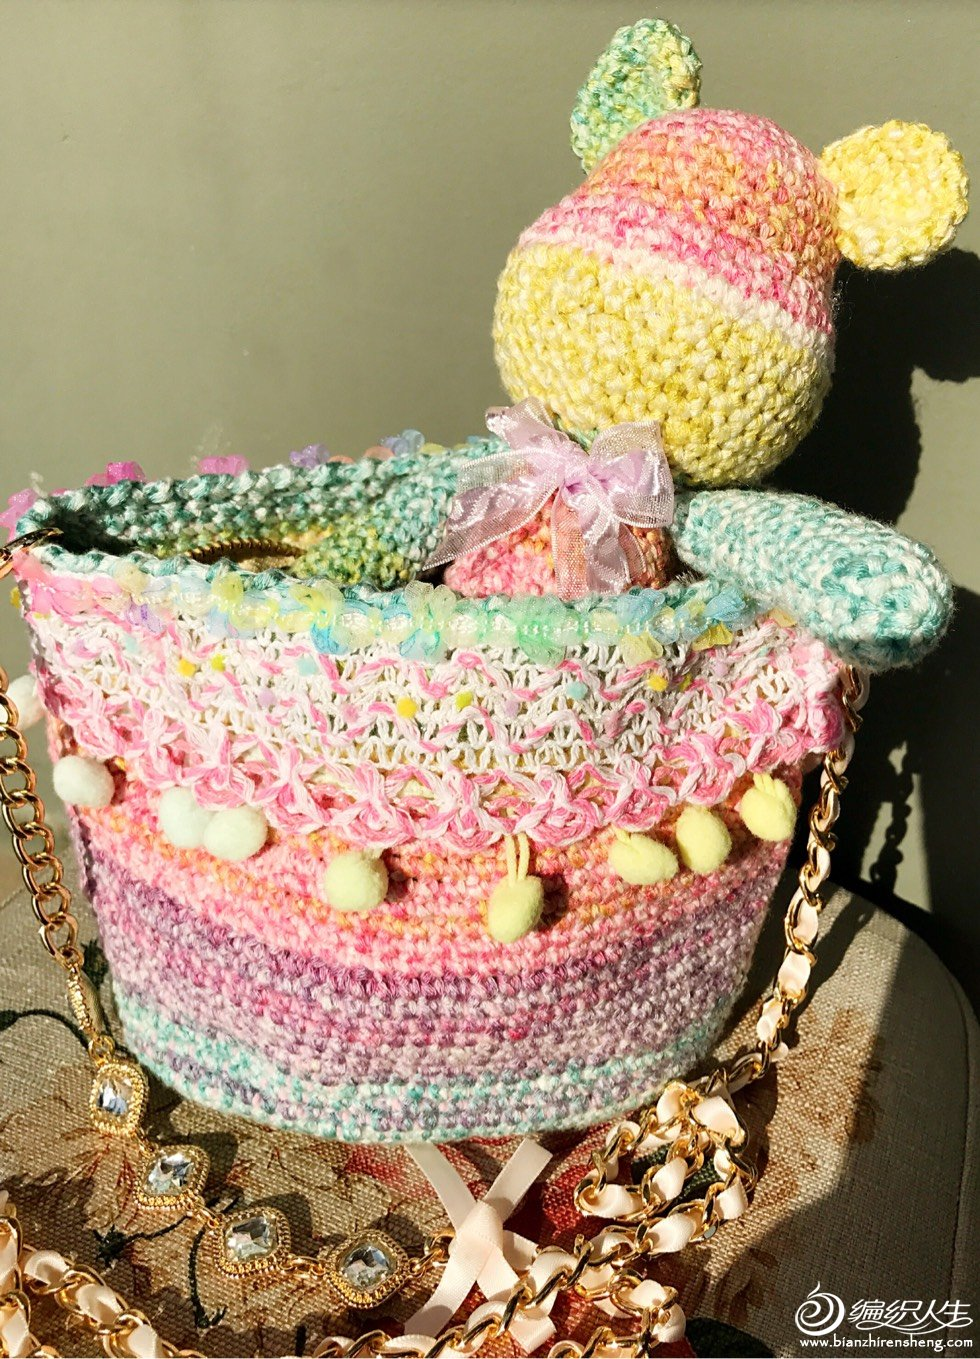 糖果色钩针织物
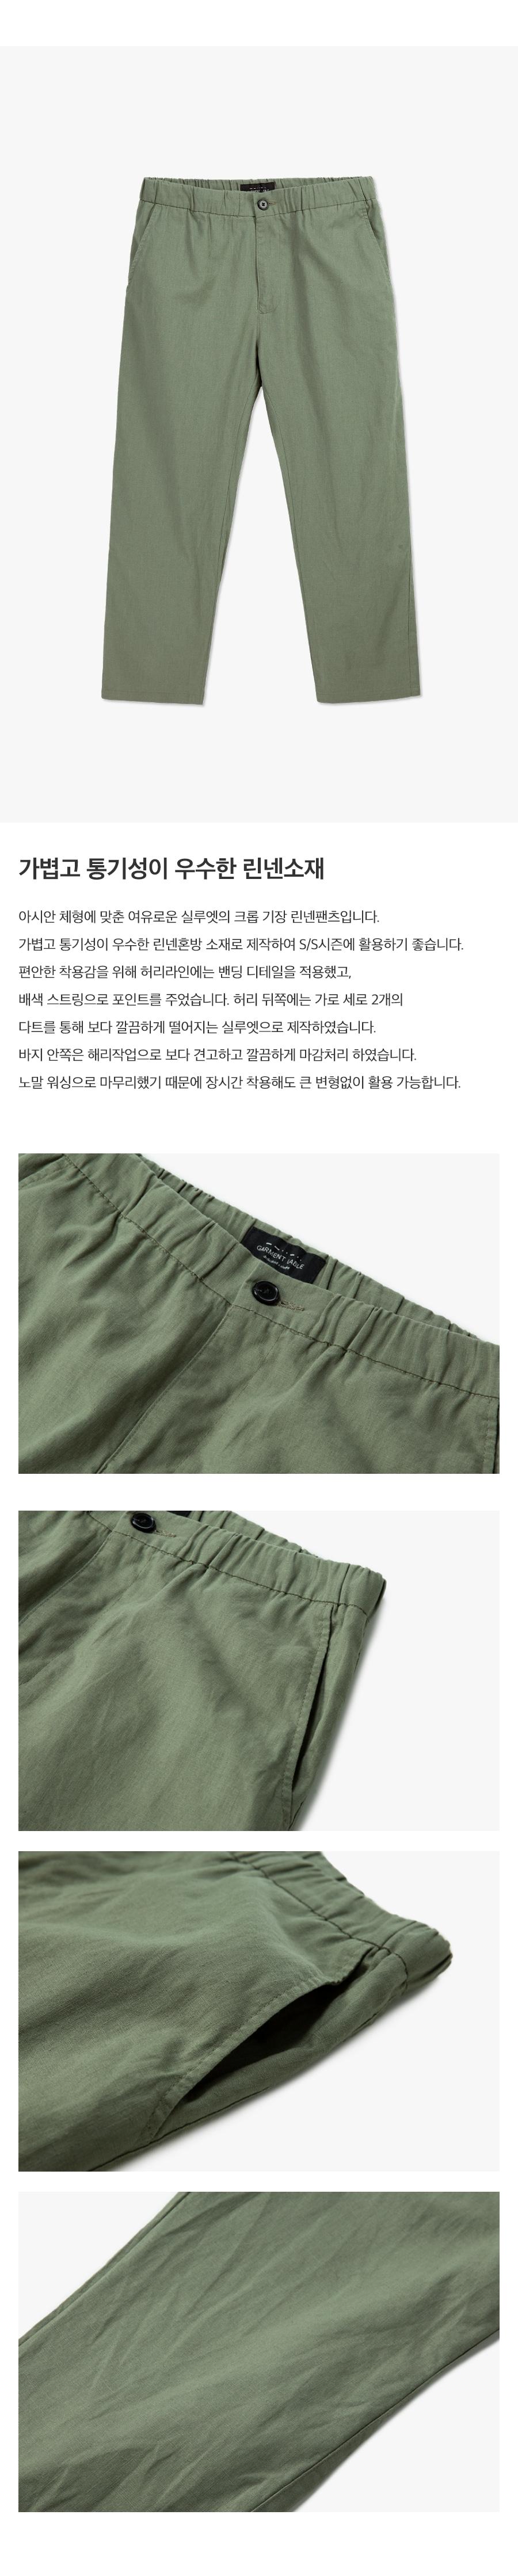 가먼트레이블(GARMENT LABLE) Tapered Banding Pants - Khaki
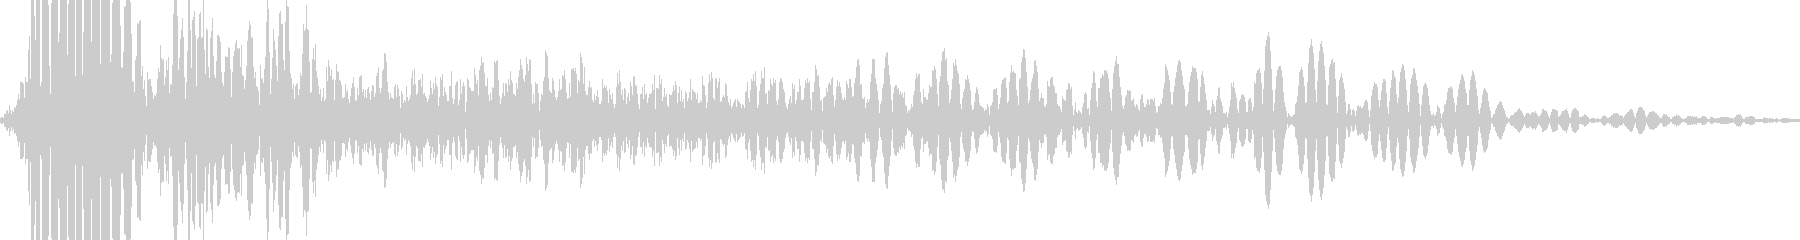 ミリタリータンクガン:シングルショ...の未再生の波形

━━━━━━━━━━━━━━━━━━━━━━━━━━━━━━

== EXERCISE DETAILS ==
Repeat the data exactly as given. Keep every picture out of the copy.

== EXERCISE RESPONSE ==
 糖果色钩针织物
 가먼트레이블(GARMENT LABLE) Tapered Banding Pants - Khaki
 ミリタリータンクガン:シングルショ...の未再生の波形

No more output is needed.